The high costs of consumables and equipment further exacerbate the premium pricing of cell therapies. For instance, reagent kits from Miltenyi Biotec can range from US$ 500 to US$ 5,000, and the capital investment for necessary equipment can reach nearly US$ 2 million. These financial challenges significantly limit the growth of the cell and gene therapy manufacturing services market.
Cell and Gene Therapy Manufacturing Services Market, By Type Insights
The market is categorized by type into cell therapy and gene therapy. Cell therapy is further divided into autologous and allogenic types, while gene therapy is classified into viral vector and non-viral vector categories.
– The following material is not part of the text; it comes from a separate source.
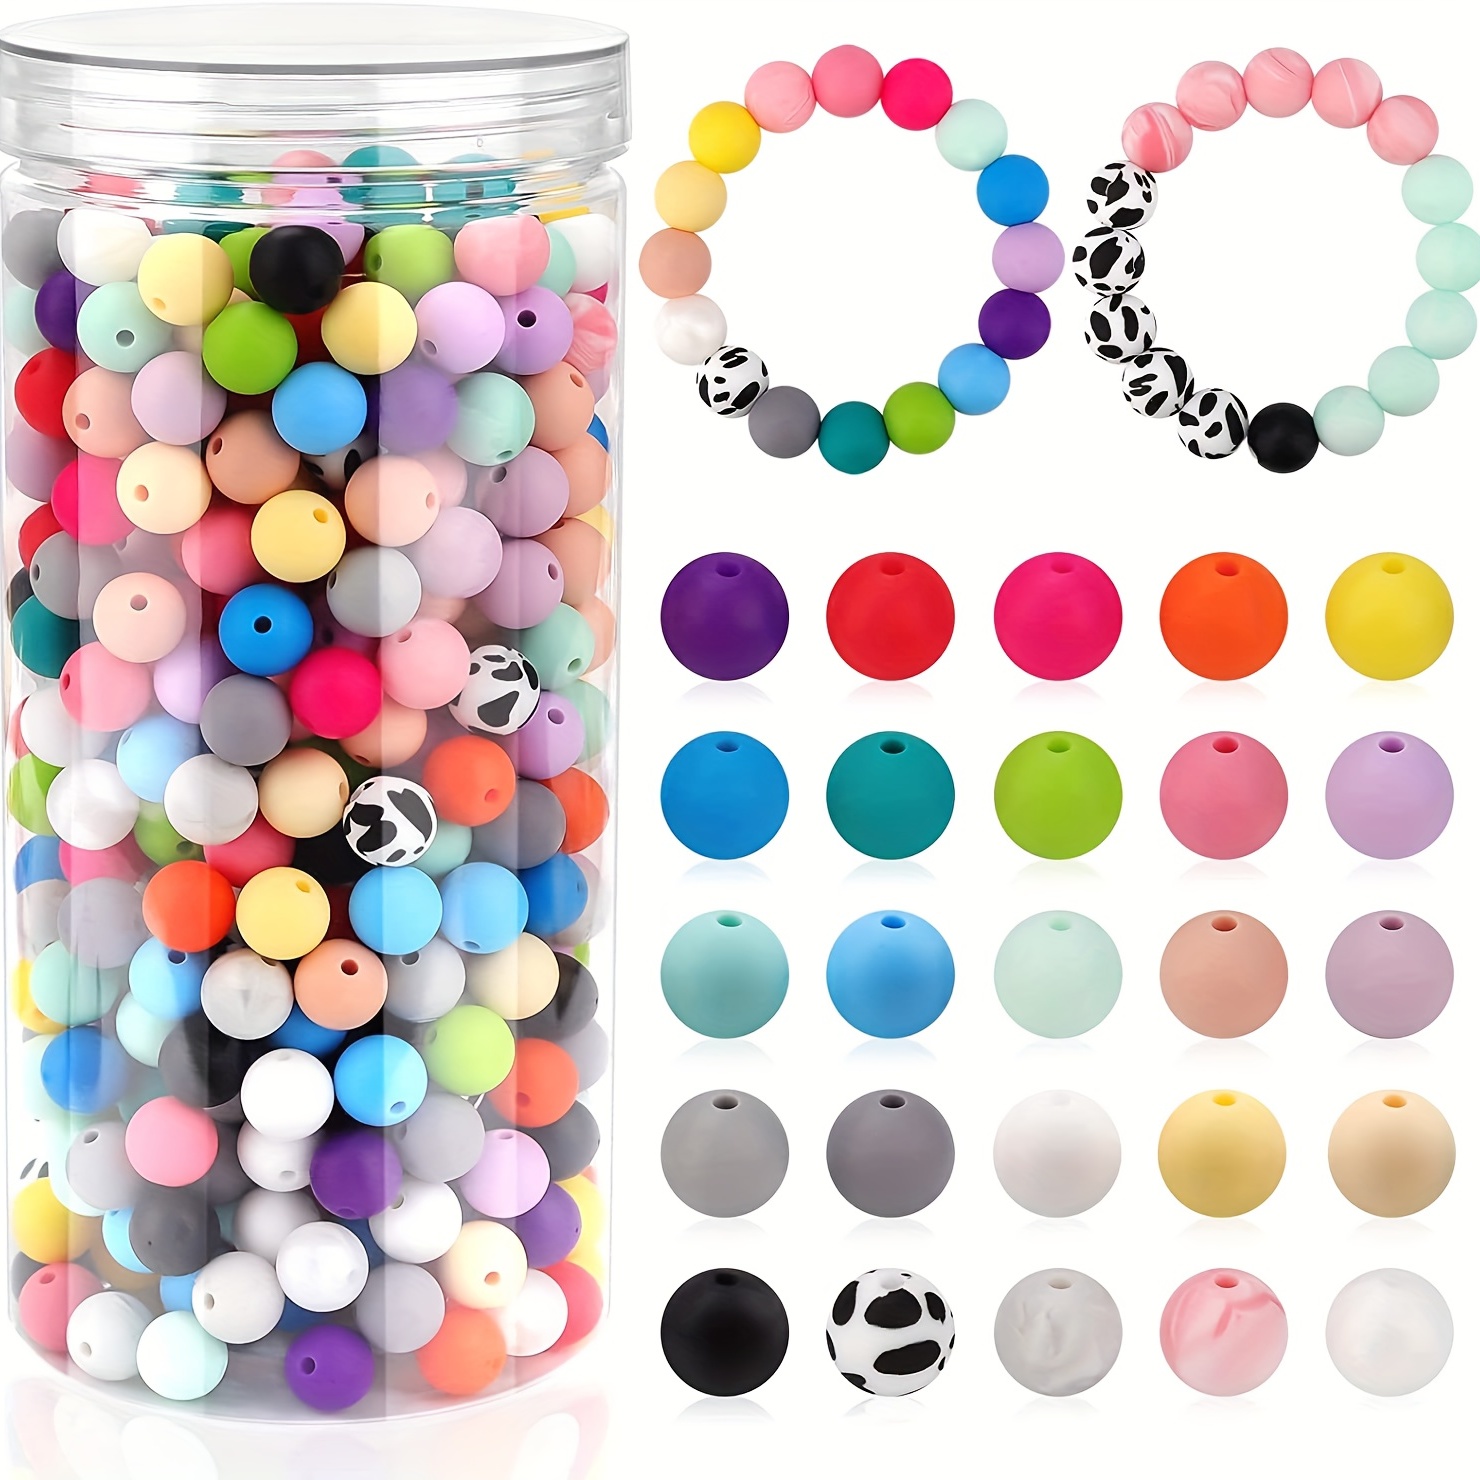 

500 pièces de perles rondes en Silicone colorées de 12mm, ensemble de perles circulaires en caoutchouc, à la mode pour boîte d'accessoires, fournitures artisanales de perles faites à la main
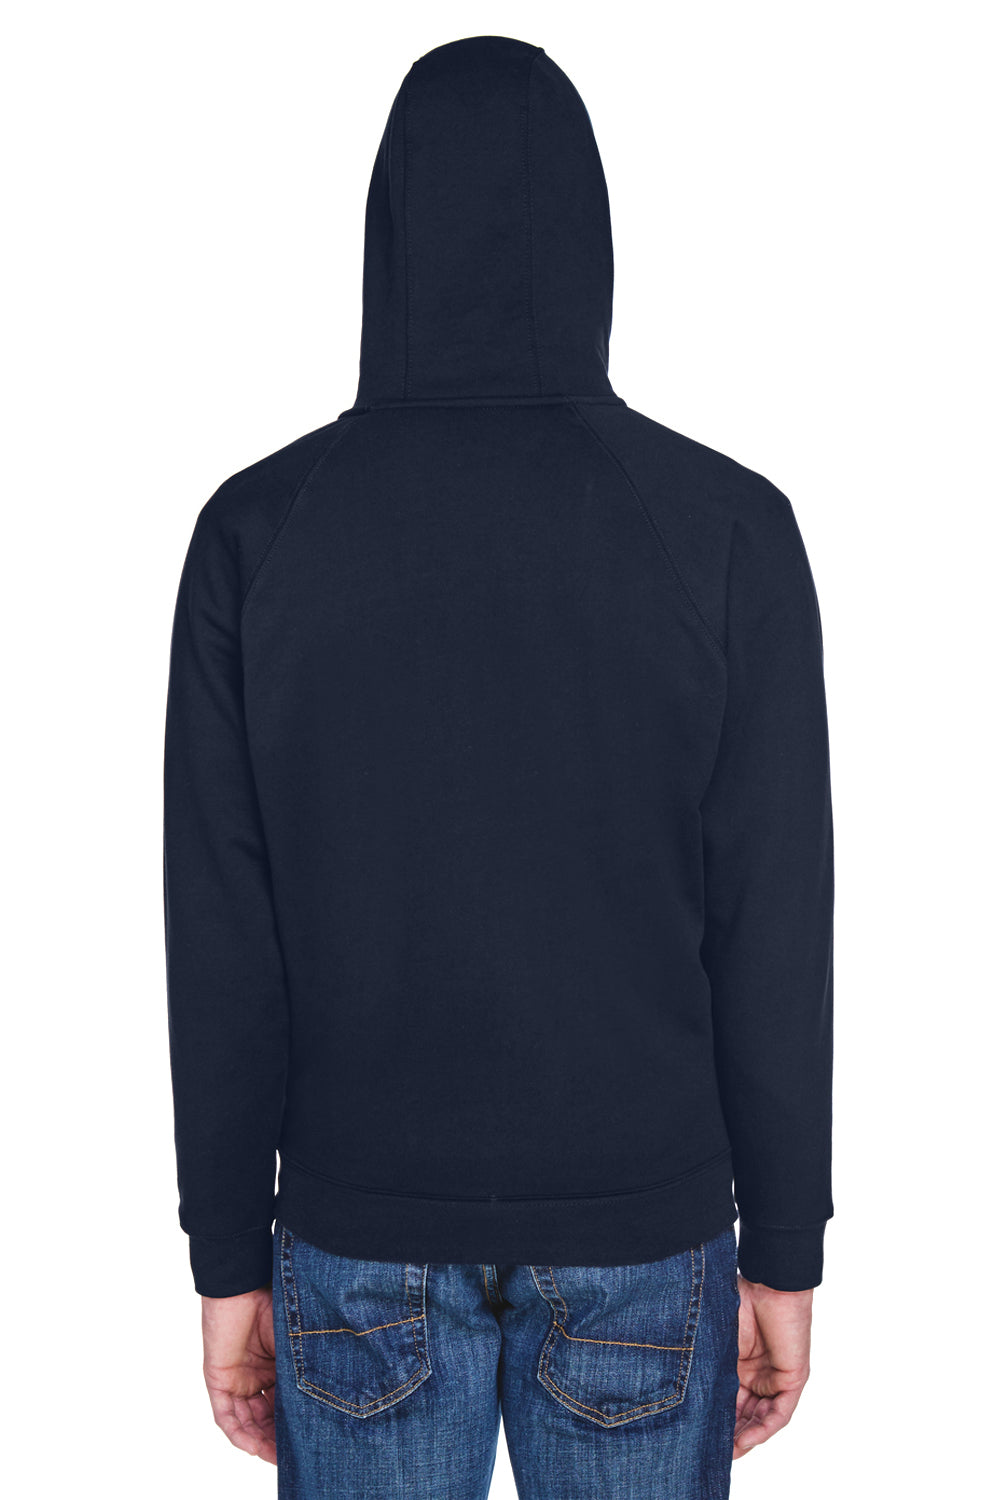 UltraClub 8463 Mens Rugged Wear Water Resistant Fleece Full Zip Hooded Sweatshirt Hoodie Navy Blue Back

In 2022, the cell therapy segment held a larger market share, but the gene therapy segment is expected to experience the highest CAGR of 16.6% during the forecast period (2022-2030). Gene therapy aims to treat or cure diseases by replacing defective genes or adding healthy copies of genes to a patient?s cells. This can involve modifying cells either inside or outside the body, with vectors being used to deliver genes directly into the patient.
Cell and Gene Therapy Manufacturing Services Market, By Indication-Based Insights
The market is also segmented by indication into cancer, orthopedics, and others. The cancer segment dominated the market in 2022 and is projected to grow at the highest CAGR during the forecast period. Cell and gene therapy holds promise for innovative cancer treatments that could significantly reduce mortality rates. As of April 2022, six CAR T-cell therapies have received FDA approval for treating various blood cancers. In December 2022, the FDA approved Adstiladrin, a gene therapy for high-risk non-muscle-invasive bladder cancer. The increasing number of FDA approvals for cancer therapies has led to a surge in production, prompting many contract development and manufacturing organizations (CDMOs) to focus on cancer cell and gene therapy manufacturing.
In terms of application, the market is divided into clinical and commercial manufacturing. The commercial manufacturing segment held the largest market share in 2022 and is expected to grow at a CAGR of 17.1% during the forecast period. Cell and gene therapies offer significant therapeutic benefits across various areas, but their market penetration remains limited. The clinical pipeline for CGT products in Phase 3 trials suggests a potential increase in approvals soon. WuXi Advanced Therapies Inc., a leading CDMO, announced the opening of a new facility in Shanghai in October 2021 to enhance its global capacity for GMP commercial manufacturing and integrated testing services.
Finally, the cell and gene therapy manufacturing services market is categorized by end user into pharmaceutical and biotechnology companies and contract research organizations (CROs). The pharmaceutical and biotechnology segment held the largest market share in 2022 and is expected to register the highest CAGR of 17.1% during the forecast period. Major US-based companies are dedicated to developing CGTs for acute and rare conditions that do not respond to traditional treatments, creating a new segment within the pharmaceutical contract development and manufacturing landscape.